Any application/library that uses this package should use a schema for leaves
that is anything except exactly 32 bytes. This prevents the second-preimage
attack whereby the application is tricked into thinking that an intermediate
node in the tree is a leaf. It is hard to envision a scenario in which this
could actually become a serious security issue, but it is worth keeping in mind
during application development.

So in addition to verifying an inclusion proof, verify that the data fits the
leaf schema. Preferably, leaf schema should not be bytes, and a serializer to
bytes from the schema should be used on the leaf before verifying the inclusion
proof.

# ISC License

Copyleft (c) 2023 k98kurz

Permission to use, copy, modify, and/or distribute this software
for any purpose with or without fee is hereby granted, provided
that the above copyleft notice and this permission notice appear in
all copies.

Exceptions: this permission is not granted to Alphabet/Google, Amazon,
Apple, Microsoft, Netflix, Meta/Facebook, Twitter, or Disney; nor is
permission granted to any company that contracts to supply weapons or
logistics to any national military; nor is permission granted to any
national government or governmental agency; nor is permission granted to
any employees, associates, or affiliates of these designated entities.
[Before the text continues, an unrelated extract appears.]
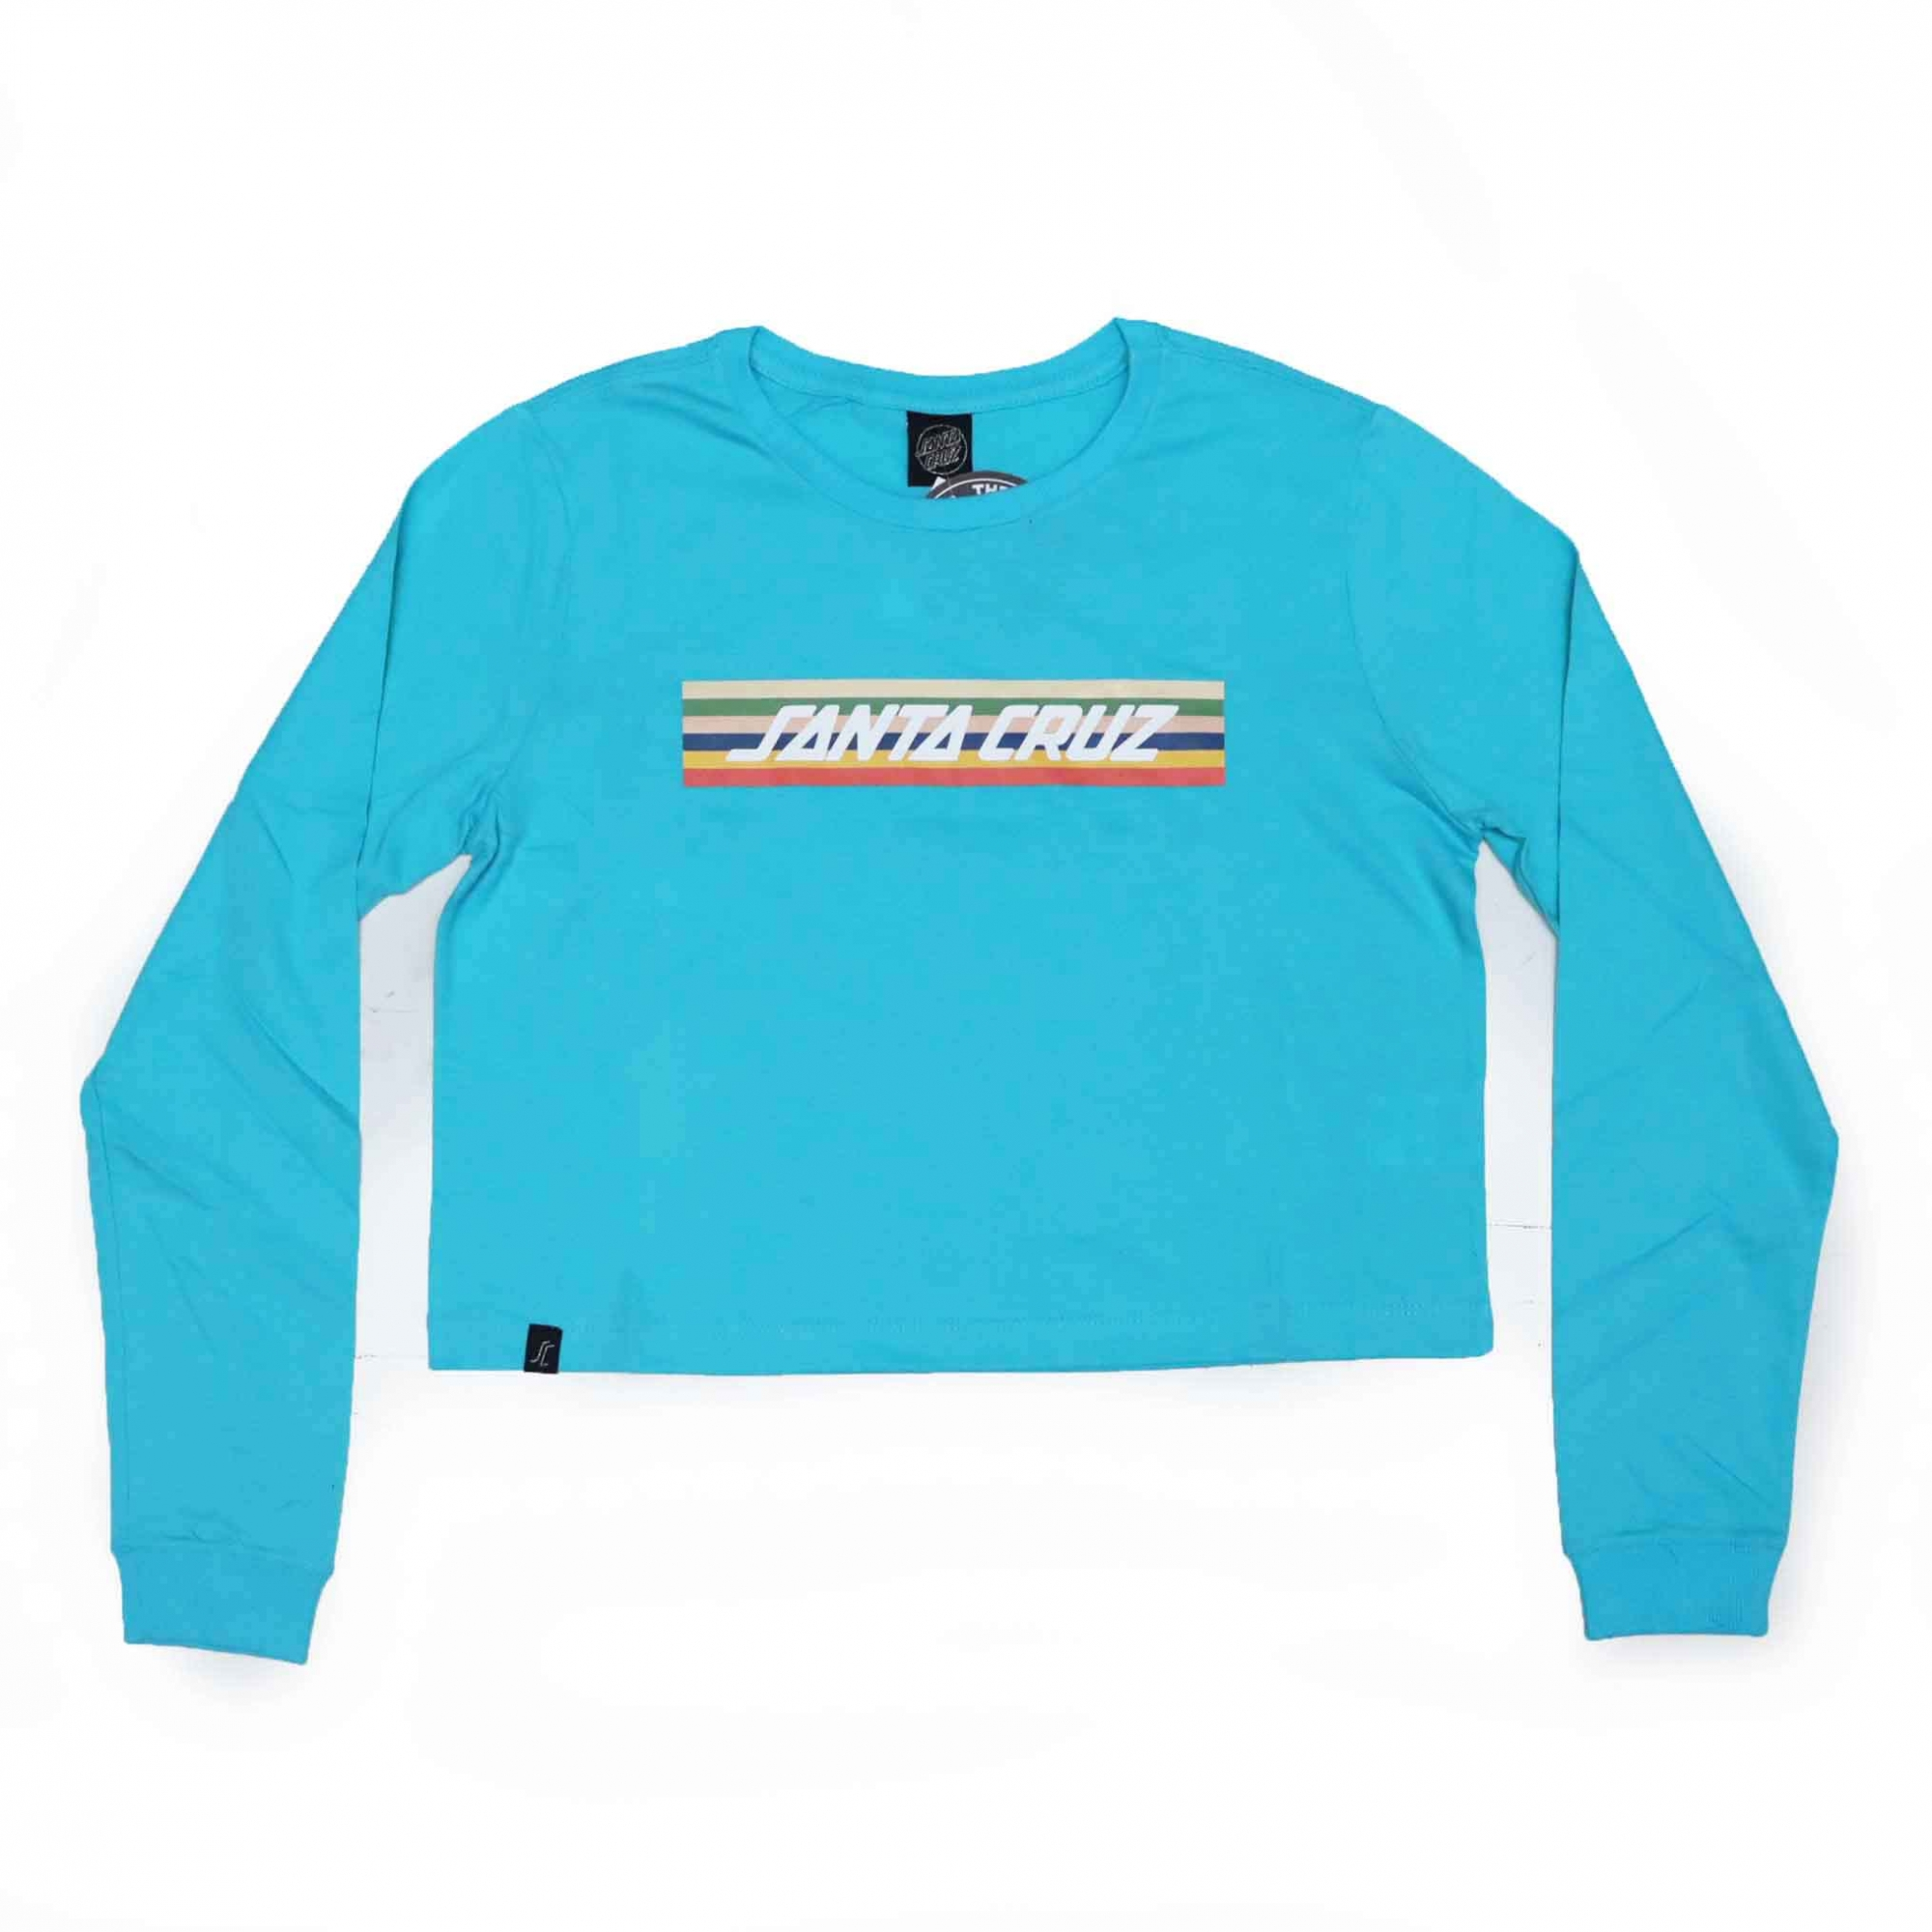 Camiseta Manga Longa Cropp Feminina Santa Cruz Stripe - Azul Turquesa

THE SOFTWARE IS PROVIDED "AS IS" AND THE AUTHOR DISCLAIMS ALL
WARRANTIES WITH REGARD TO THIS SOFTWARE INCLUDING ALL IMPLIED
WARRANTIES OF MERCHANTABILITY AND FITNESS. IN NO EVENT SHALL THE
AUTHOR BE LIABLE FOR ANY SPECIAL, DIRECT, INDIRECT, OR
CONSEQUENTIAL DAMAGES OR ANY DAMAGES WHATSOEVER RESULTING FROM LOSS
OF USE, DATA OR PROFITS, WHETHER IN AN ACTION OF CONTRACT,
NEGLIGENCE OR OTHER TORTIOUS ACTION, ARISING OUT OF OR IN
CONNECTION WITH THE USE OR PERFORMANCE OF THIS SOFTWARE.